His daughter was a high school senior at that point, so the timing was much better and Monk agreed to become a candidate and ultimately accepted the deanship … and his daughter became a Penn State student.

"I've often told the story of how I'm the first person in my family to have a Penn State connection and that in the past 20 years just about everyone in my family has become connected to Penn State," Monk said. "That seems to be the way that Penn State rolls. It's been and continues to be a wonderful ride, and we're very grateful."

Not only has Penn State had a lasting impact on the Monk family, but also the Monks have had a lasting impact on Penn State. Last fall, he and his wife, Pam, announced a $1.5 million estate gift commitment to the college. At the retirement reception for Monk, it was announced that donors to the college contributed generously and created a gift fund in honor of Monk’s tenure as dean. The fund will be designated for a high priority use in the college.

"I want to thank everyone who has contributed to the fund. It's really quite amazing for me to learn that more than $80,000 has been contributed. That's truly remarkable," Monk said.

Monk will designate it as an early-activation fund for the one of the endowments he and Pam created with their estate commitment. That endowment is focused on their interest in the role personal narrative can and should play in pedagogy and leadership.

"Stories play a key role in my life as well as in Pam's life, and we're delighted that the college doesn't have to wait until we die before some meaningful activities can begin around the role of narrative in pedagogy and leadership," Monk said. He said they are planning to contribute to the early activation fund as well. "So, with some luck real things will begin happening soon and will continue happening," he said.

Fond memories

Simon Corby, the college’s director of development and alumni relations, began his relationship with Monk when he joined the college in 2015. They have spent a lot of time together since then, on trips to visit alumni and donors.

"There are many examples of closing larger gifts that have impacted the college, such as the Krause Learning Space and Chambers bridge renovations, but my favorite memory is driving over a mountain pass in Southern California from San Diego to Palm Springs," Corby said. "It's an extremely steep, narrow and twisted road through the high desert and there are many switchbacks and ravines. It was the quietest drive we ever had together. Dean Monk was looking over the edge of the road into the canyons and I think he was a wee bit relieved when we finally drove down off the mountain."

Travel seems to be a theme among those who shared fond memories about Monk. On one occasion, he was the keynote speaker for an International Vocational Education and Technical Association Conference in Honk Kong.

"After his informative presentation, we went on a shopping trip and had suits and shoes custom-made in two days," said Edgar I. Farmer, emeritus head of the Department of Learning and Performance Systems. "We also traveled to Taiwan on several occasions to meet, greet and have fellowship with Penn State College of Education alumni who were presidents of their respective universities. These were the best of times of witnessing Penn State alumni in top leadership positions in Taiwan. I still have fond memories of David, Pam and myself serving as faculty members at National Taiwan Normal University during the summer of 2013."

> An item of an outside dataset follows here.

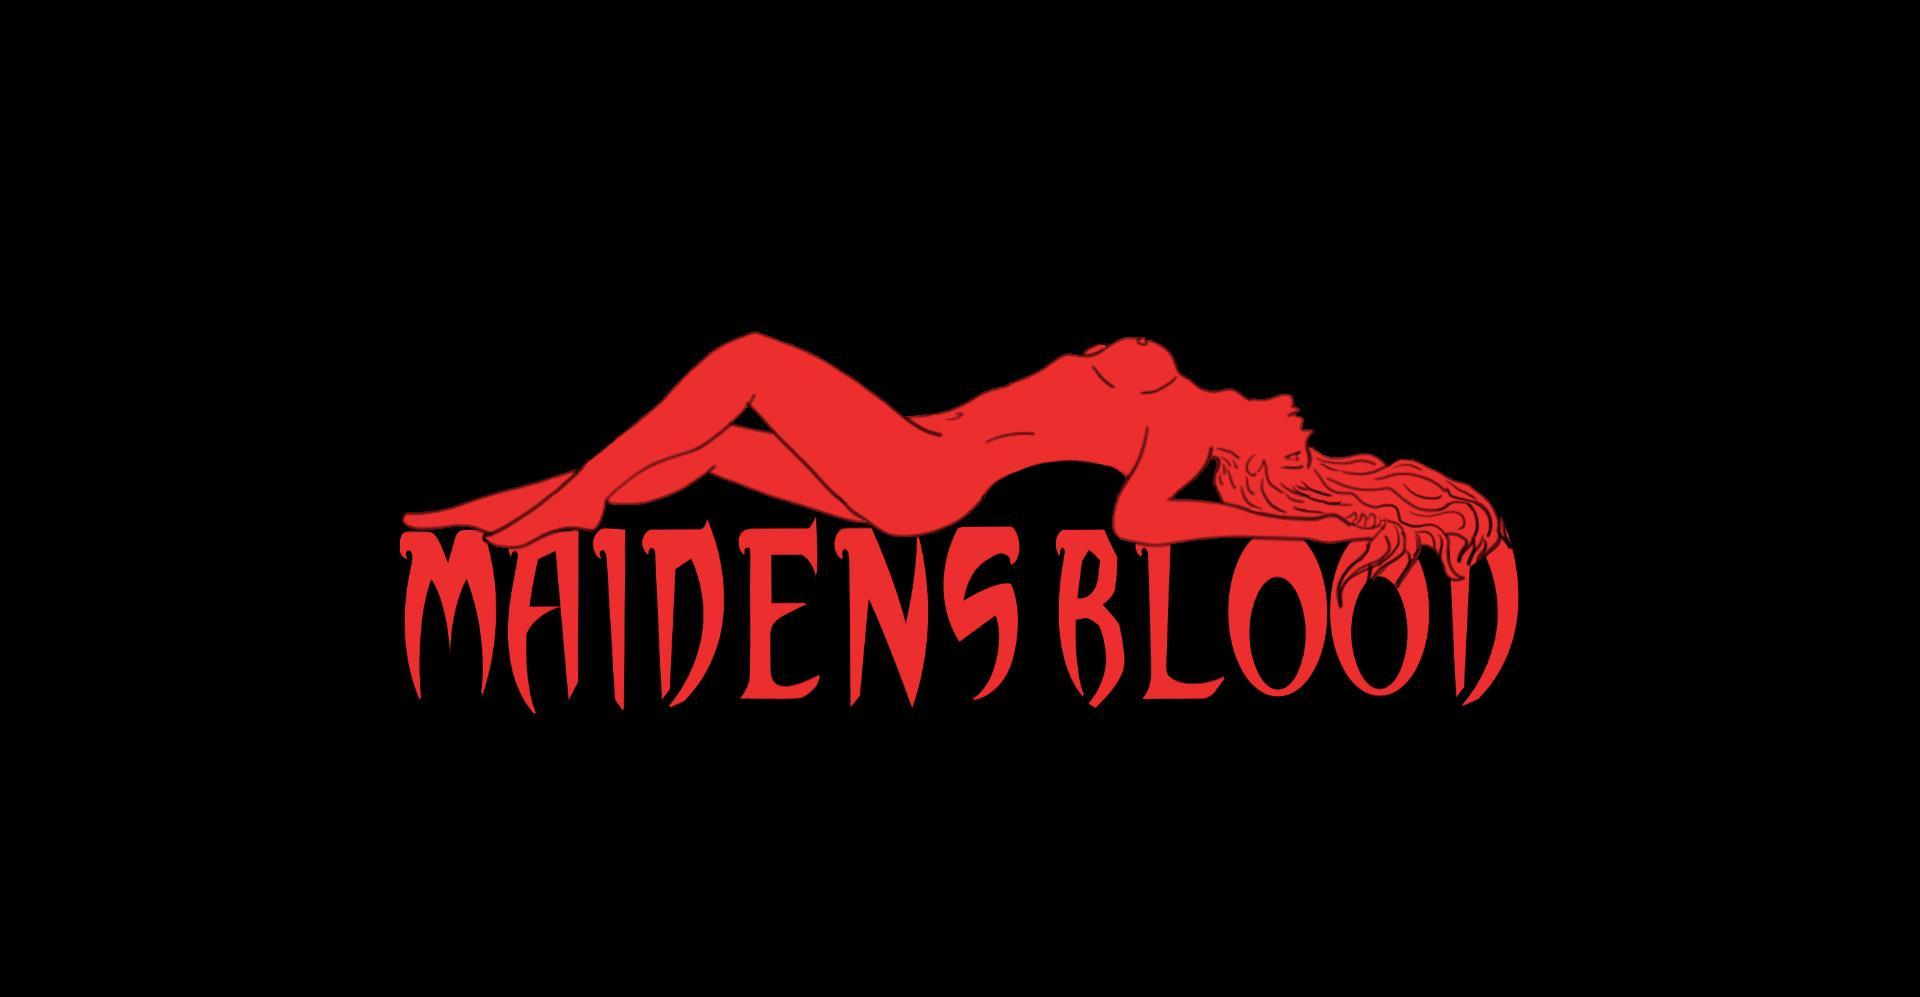 Maidens Blood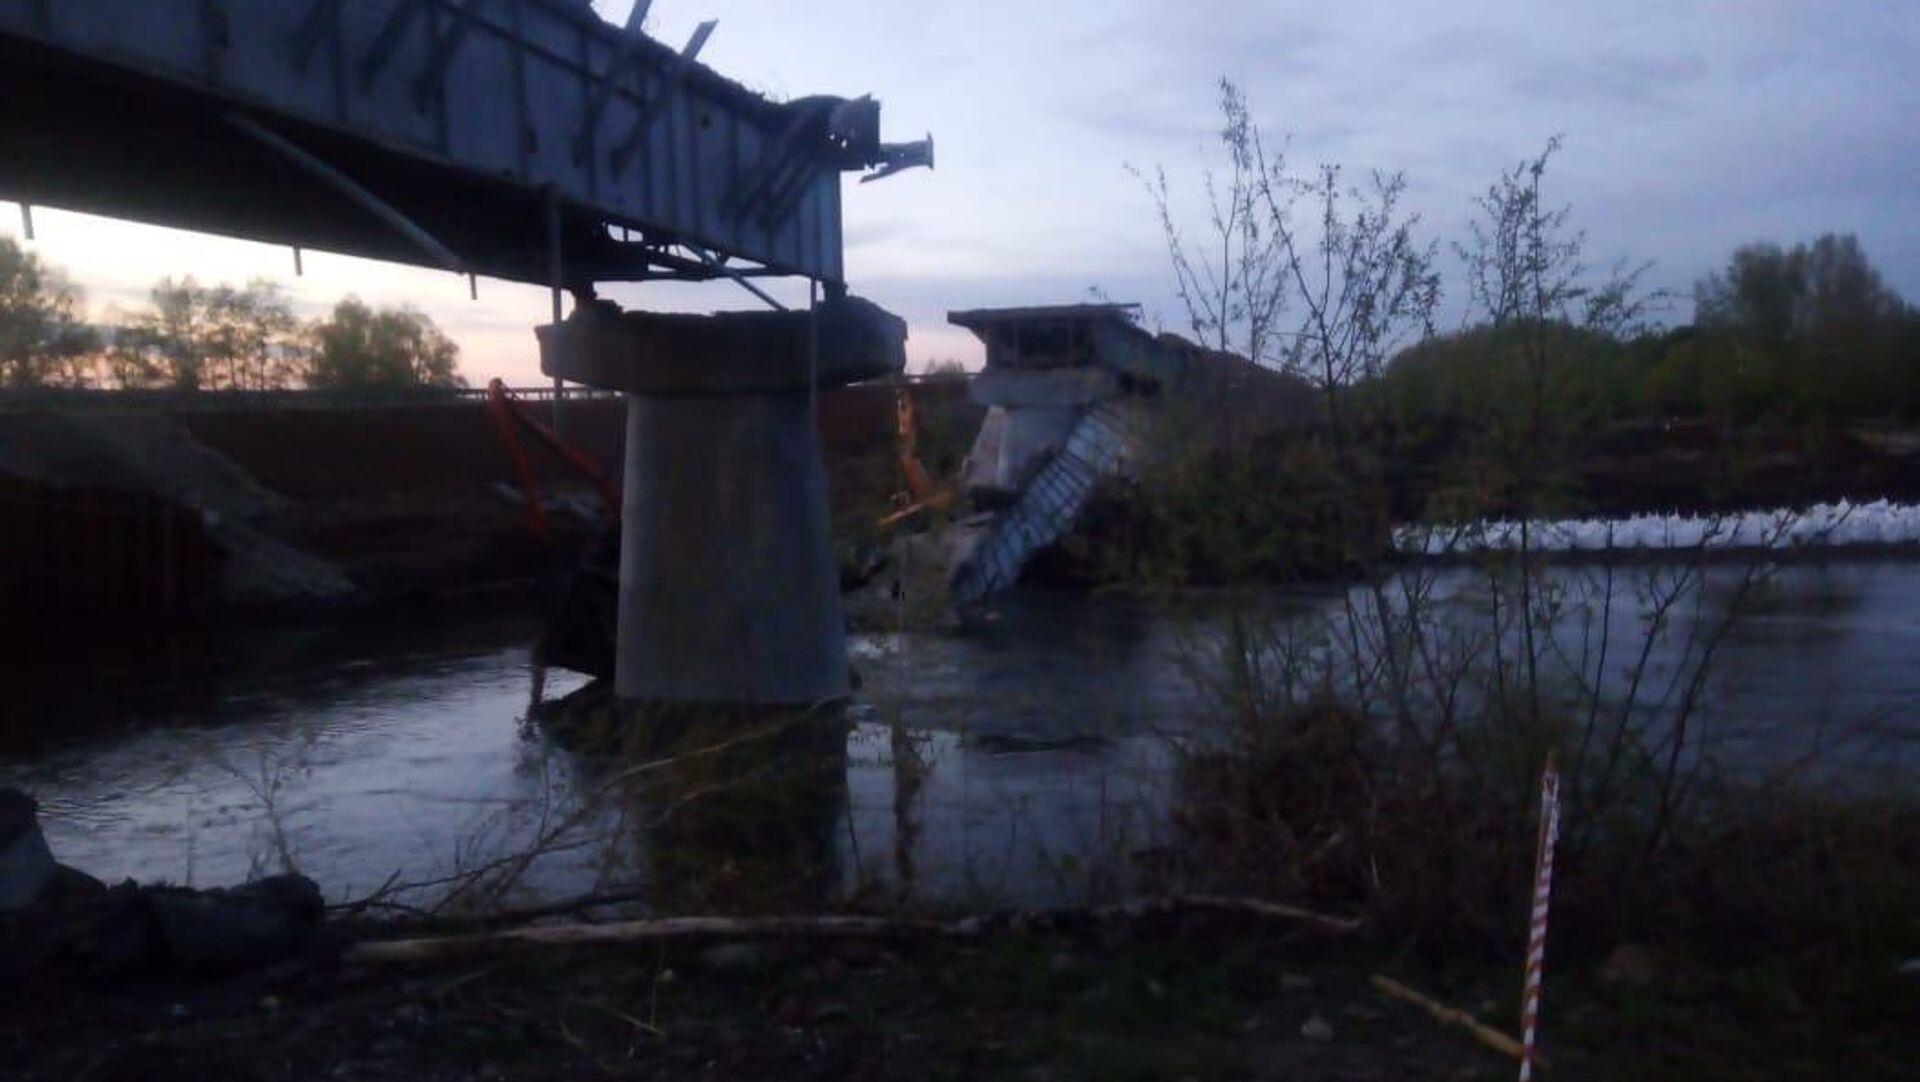 При проведении плановых ремонтных работ, произошло обрушение пролета моста через реку Салмыш в Оренбургской области - РИА Новости, 1920, 07.05.2021

Greg Kelly, senior associate dean for research, outreach and technology in the college, first met Monk when he was a graduate student at Cornell.

"I don't recall many details, other than he was named department chair and I remember thinking he looked too young to be a full professor and department chair. But I figured it was about competence, not age. Turns out, he still looks too young — too young to resign as dean anyway," Kelly said.

Kelly's favorite memory of working with Monk took place a few years ago, after a town hall meeting with students.

"The group was primarily undergraduates who for about two hours had peppered us with questions and suggestions for improving the college. Walking back to our offices, we were both admiring the hopefulness, commitment and enthusiasm of our students, noting that this is why we come to work every day. It was a moment of solidarity in recognition of the value of the students we serve," Kelly said.

'It's about the people'

For Monk, interactions with people are at the top of the list of things he likes most about being dean.

"It's the people, it's the community, it's the dynamic that exists within the unit," he said. "I think one thing that's really appealing about Penn State as an institution and the college is that what pervades it is a 'can-do' spirit. People face challenges, but the default frame of mind is, 'Well, we can figure that out. Let's put some effort into it and let's get some help along the way.' So that's really appealing and to be a part of that is very enjoyable."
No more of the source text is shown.